Between Parent and Child

In the history of my blog, this is the most highly read post.  I don’t know if that is due to the content or the name.  I am bringing it forward for so many of you who are looking for it.

Dear Nephew.

Thoughts and responses come rushing to me as I read your letter.  I can’t think fast enough to keep up with the stream.  But my one sure thought is this: there is no perfect parent.  We didn’t have them and we are not them.

While you are questioning your first family structure and your lifeline to your children, I am spending time in meditation trying to know what is too much and what is not enough.  Will we ever find the answers?  Probably not!  The goal is to keep at it.

I don’t know anyone who wakes up in the morning and says, “I think I’ll screw my kid up today!”  We do it by being ourselves, by not being perfect and by being human.  The glory is in trying to keep the communication open in both directions: to our parents as long as we have them with us, and to our children as long as they have us. I am thinking that until you can call your kids, it would be wonderful if you wrote to them as openly and honestly as you write to me.  Maybe you do.  I hope so!

I agree with you, too, that we can continue our conversations with our loved ones when they are no longer on this earth.  In our attempts to sort out our “buried” relationships, we come to terms with ourselves and with the way we interacted with them in their lives.  We can change our responses to things in the past and we can come to an understanding of motives that isn’t there until we are ready.  My mother doesn’t have to be alive for me to finally “get” how much she gave me.  While my mother and father were  still alive, I began to see what they tried to do as parents.  Sadly, although I didn’t connect with much of it at the time nor give them the appreciation they deserved, I can recognize  it now.

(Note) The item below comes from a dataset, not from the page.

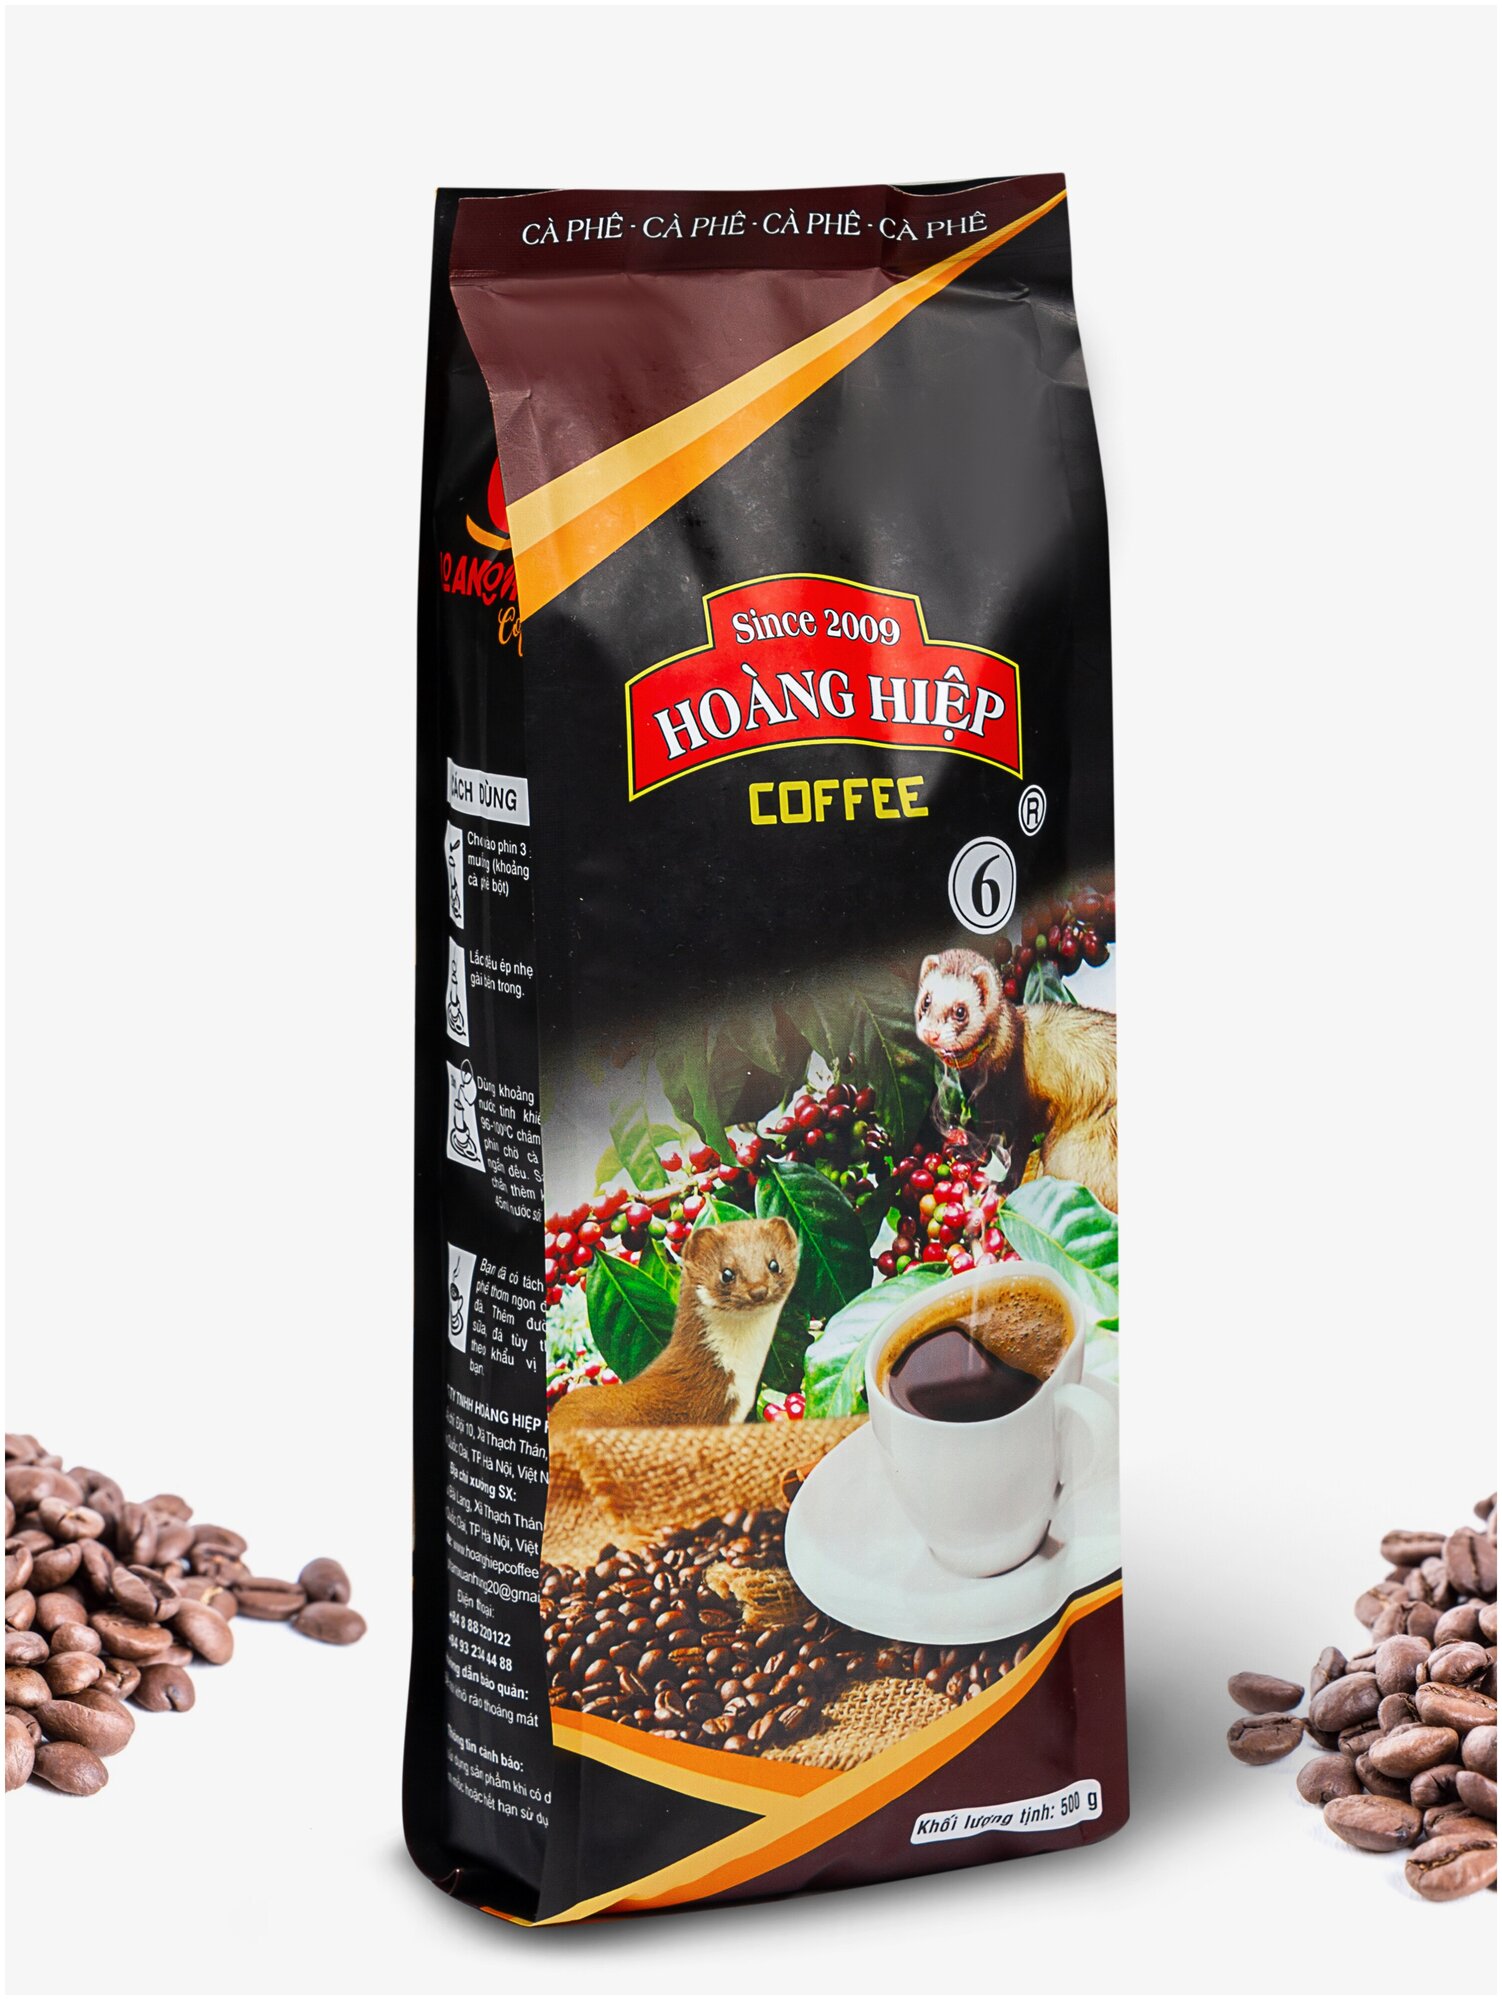 Вьетнамский ферментированный кофе в зернах Копи лювак ( luwak ), 500гр, Hoang Hiep, Вьетнам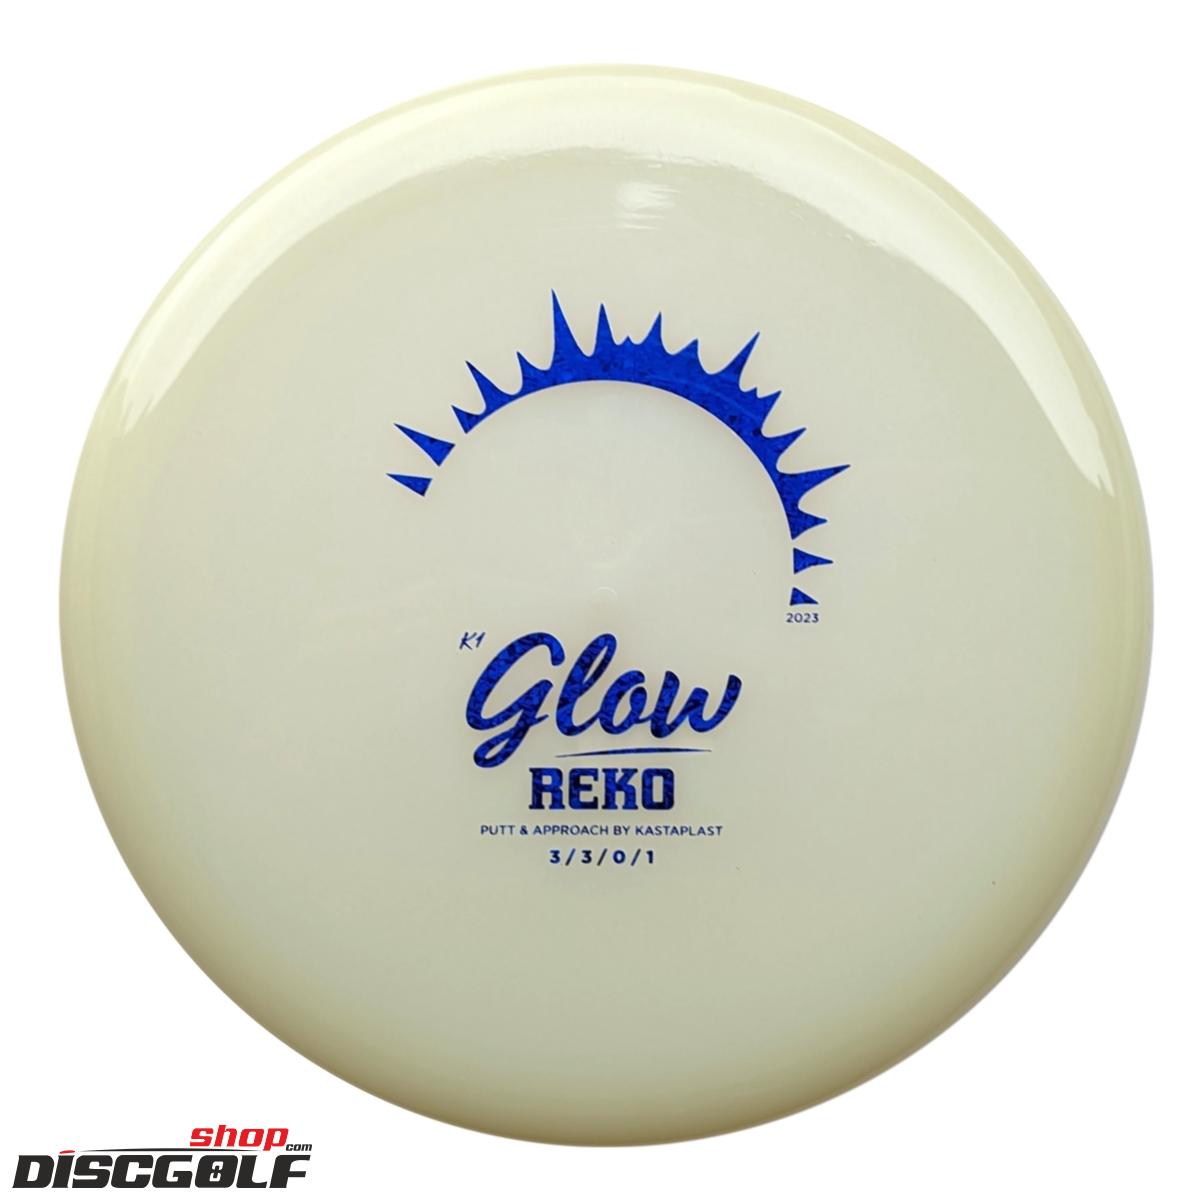 Kastaplast Reko K1 Glow 2023 (discgolf)

Now, I wake in the night with an intense feeling about my children and suddenly realize that this feeling was behind my father’s actions.  Or when my children look at me in a certain way, I know why my mother reacted with defensiveness and frustration.

You are right that love is the answer.  Uncompromising, steady, unconditional love is what we all want and what is so hard to give.  We want so much back for our love.  We want response, rapport, acknowledgment and agreement.  And sometimes we get none of these things.  Sometimes we only get the sure knowledge that we have the staying power  to continue to love.

I don’t want to be so trite as to say that prison is a good thing for you.  But good will come of it.  If our difficulties in life crack us open to our soft centers so that what we have inside can spill out to the people we love, then the difficulties have purpose.  Sometimes we aren’t capable of knowing and showing our vulnerabilities and the depth of our feelings until we have been shattered.

Although being in prison is not like solitary time in Mexico,  you and I are striving for the same things.  We are looking to our higher power and our higher selves to do the best we can in the world we have helped to create.  And the best for the people we have helped to create.

Your yearning to be complete in your relationships resonates with me.  I am confident that the more centered and whole we are, the better it is for our loved ones.  That being ourselves is good for others, even if it ends up being a horrible warning instead of a good example.  I am trusting that owning your mistakes, continuing your self-examination and  discovering the right path for you, will be a blessing for you and your family.

As for the kinks in communication and the self-recrimination for all bad things in your children’s lives: welcome to the world of parenting.  Just remember that you don’t have prove your importance and you don’t have to be perfect.  You  are already worthy and worthwhile.

xxoo

Comments

  1. Very well said.

    Like

  2. Perfect parents…”We didn’t have them, and we are not them”…
    “Will we ever find the answers?…The goal is to keep at it.”
    It’s almost bumper-sticker truth, a reminder to us as children of parents, and now parents and grandparents of children.
    What a beautiful, honest, helpful essay you’ve written.

    Like

    • Talk to me...I'm your Mother says:

      Wouldn’t we love it if we were perfect parents?…although it still wouldn’t work for every one of our children… Oh, well.

      Like

  3. rummuser says:

    I know that I am already worthy and worthwhile.

    AND I know someone who wakes up in the morning and says, “I think I’ll screw my kid up today!” The kid being me!

    http://rummuser.com/?p=7922

    Like

    • Talk to me...I'm your Mother says:

      Well, then. If your parents had that in mind, they failed miserably, didn’t they! Congratulations on your spiritual journey the has led you to the place you are today. (And I bet you don’t wake up and say that about your child.:)

      Like

  4. Yes yes yes yes yes! Isn’t it a walk on the edge? Which makes life so beautiful and so utterly challenging? I’m absolutely with you in the “wholeness in relationships” thing. I’m with you in the communications thing. I wish we’d live closer to each other, so we could go out for a coffee *right now*.

    Like

    • Talk to me...I'm your Mother says:

      Wouldn’t that be nice? Well, I’m a traveller and you are becoming one…maybe one of these days we can meet. Hope so!

      Like

  5. Those parental mistakes are what make us good grandparents. I look at it as a second chance to get it right.
    blessings ~ maxi

    Like

  6. bikehikebabe66 says:

    YES, I DO want to follow your blog, tho’ my time is used up fast everyday. But I like what I read.